2012: The Year in Birds (Part I)

Backyard bird watching has had its rewards and disappointments this year. Among the high points were the first ever appearances of cedar waxwings and indigo buntings. The cedar waxwings just hung around for a week or so, but I’ve planted a number of their favorites (including serviceberry and both black and red elderberry), so I’m optimistic they’ll stay longer next year.

Cedar Waxwing

Sadly we didn’t get any good pictures of the indigo buntings, who were also present for just a brief time in spring. I have lots of asters, Rudbeckias, and other plants that leave seeds loved by buntings and other small finches. I also spread some millet seed on the ground. Not sure which of these did the trick.

We have had some exciting visits from a number of predator birds, such as this red-tailed hawk. We’ve also seen kestrels and, on one occasion, an owl – but no pictures of those.  It seems if you attract enough birds, the predators will show up. Now and then we see a clump of feathers or other grisly evidence of a successful hunt. This doesn’t really bother me, though I wish they would confine themselves to starlings, grackles, house sparrows, and rodents.

Red-Tailed Hawk on the back fence.

One disappointment this year was the scarcity of rose breasted grosbeaks. Last year we’d have five or six at a time, and they were present for at least four weeks in May and June. This year we only saw one or two at a time, and for a shorter period.

Rose Breasted Grosbeak

On the other hand, Baltimore orioles have become a very common sight in our garden from May into September. They first showed up in our yard about three years ago. They normally live high in the tree tops but will come down for the love of grape jelly. We love watching the orioles feeding: how they seem to smack their beaks, then try to wipe their beaks on some hard surface to scrape off the sticky stuff.

Male Baltimore Oriole
Baltimore orioles, adult feeding juvenile.

Robins seem to love our yard, as they are very plentiful. You can see them eating wild currants or hunting for bugs on the lawn or in the mulch. They may be a common bird, but I find them very endearing, especially the young juveniles like the one below.

Juvenile robin at the edge of the bird bath.

So how was the bird watching in your garden this year?

31 Comments on “2012: The Year in Birds (Part I)”

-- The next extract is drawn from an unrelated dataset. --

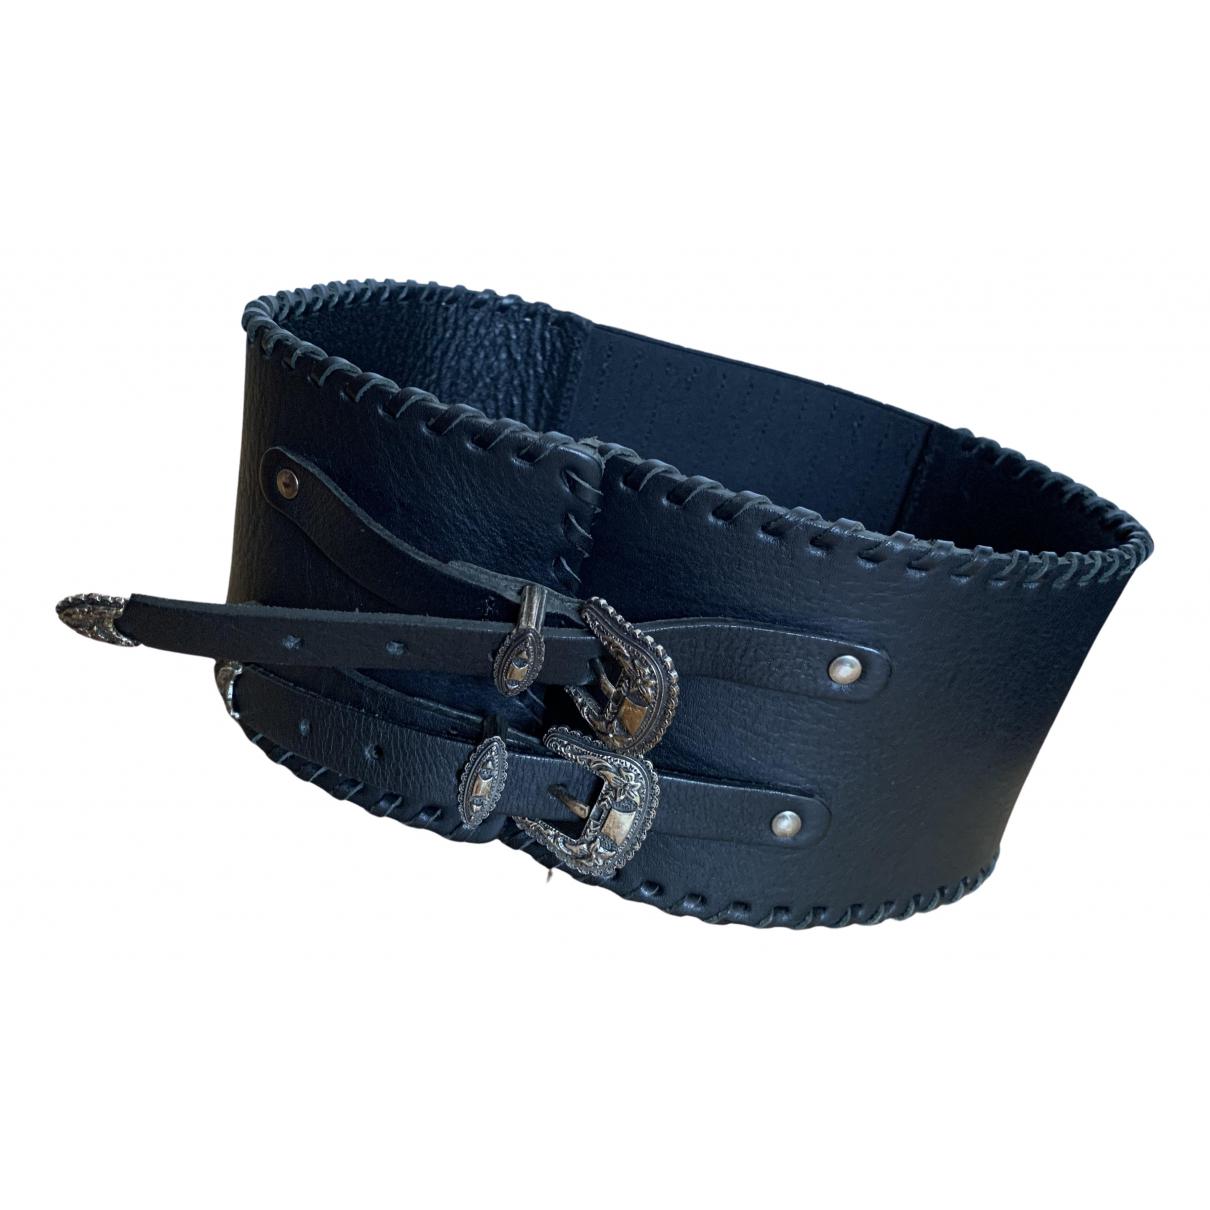 The Kooples \N Black Leather belt for Women S International

  1. Excellent photos! I’ve never seen a rose-breasted grosbeak – what pretty little things. Cedar waxwings are quite common here, and this year I’ve seen more hawks than ever before. Robins and woodpeckers were plentiful this summer as well.

  2. Great photos!!! A sign of a successful bird feeding operation is the appearance of predators – which reminds me, I have not seen “my” hawk lately (it seems to favor mourning doves and rabbits). This year I had a ton of robins, lots of finches, the usual sparrows, a brief appearance by indigo bunting, but for about 6 weeks in late summer/early fall, nothing, even barely any sparrows. They are back like gangbusters now, though, along with juncos, titmice, and nuthatches. I have an oriole feeder I have yet to put up – maybe next year. And I am redoing the “meadow” – I’ve been collecting ideas, mostly from your garden!

  3. Great pics! I would love to have the Orioles stay longer at my house.. If they come, they usually come around the first of April and only stay a couple of weeks. I also saw my first indigo bunting this summer and they are beautiful in person. My favorites are the eastern bluebirds, though. I have 5 nest boxes around the fields and usually have 2-3 broods each spring and summer. I love watching them grow up.

  4. I envy you your Baltimore Orioles. I think I’m a little bit too far south for them. But how do you keep the ants out of the grape jelly? In my yard, the swarms of robins and mockingbirds have descended upon the callicarpa and winterberry holly berries. We are lucky here in central NC – we have great birdwatching all year. Woodpeckers, chickadees, cardinals, hawks, tufted titmouse, and many others stick around all winter.

  5. I so enjoyed your photo of the Cedar Waxwing adult feeding the juvenile. I don’t see Cedar Waxwings very often. I hope as I add more of their food sources, I’ll get more and different birds. As for the predators, I do wish they would confine their eating to the “bad” birds. Maybe they don’t taste as good.~~Dee

  6. You have some beautiful photos of your birds – and they are so colorful and pretty! I don’t feed the birds, due to our cats, although we were graced with a flock of Cedar Waxwings one year. They were glorious. Unfortunately, I haven’t seen them back. Guess they didn’t like us very much!

  7. Great photos, love that picture of the hawk. Our property was just a big lawn 3 years ago when we moved in and as I’ve begun gardening we’ve noticed more and more birds. Unfortunately we have cats that cause issues so I never put food out, just enjoy catching glimpses of them in the trees.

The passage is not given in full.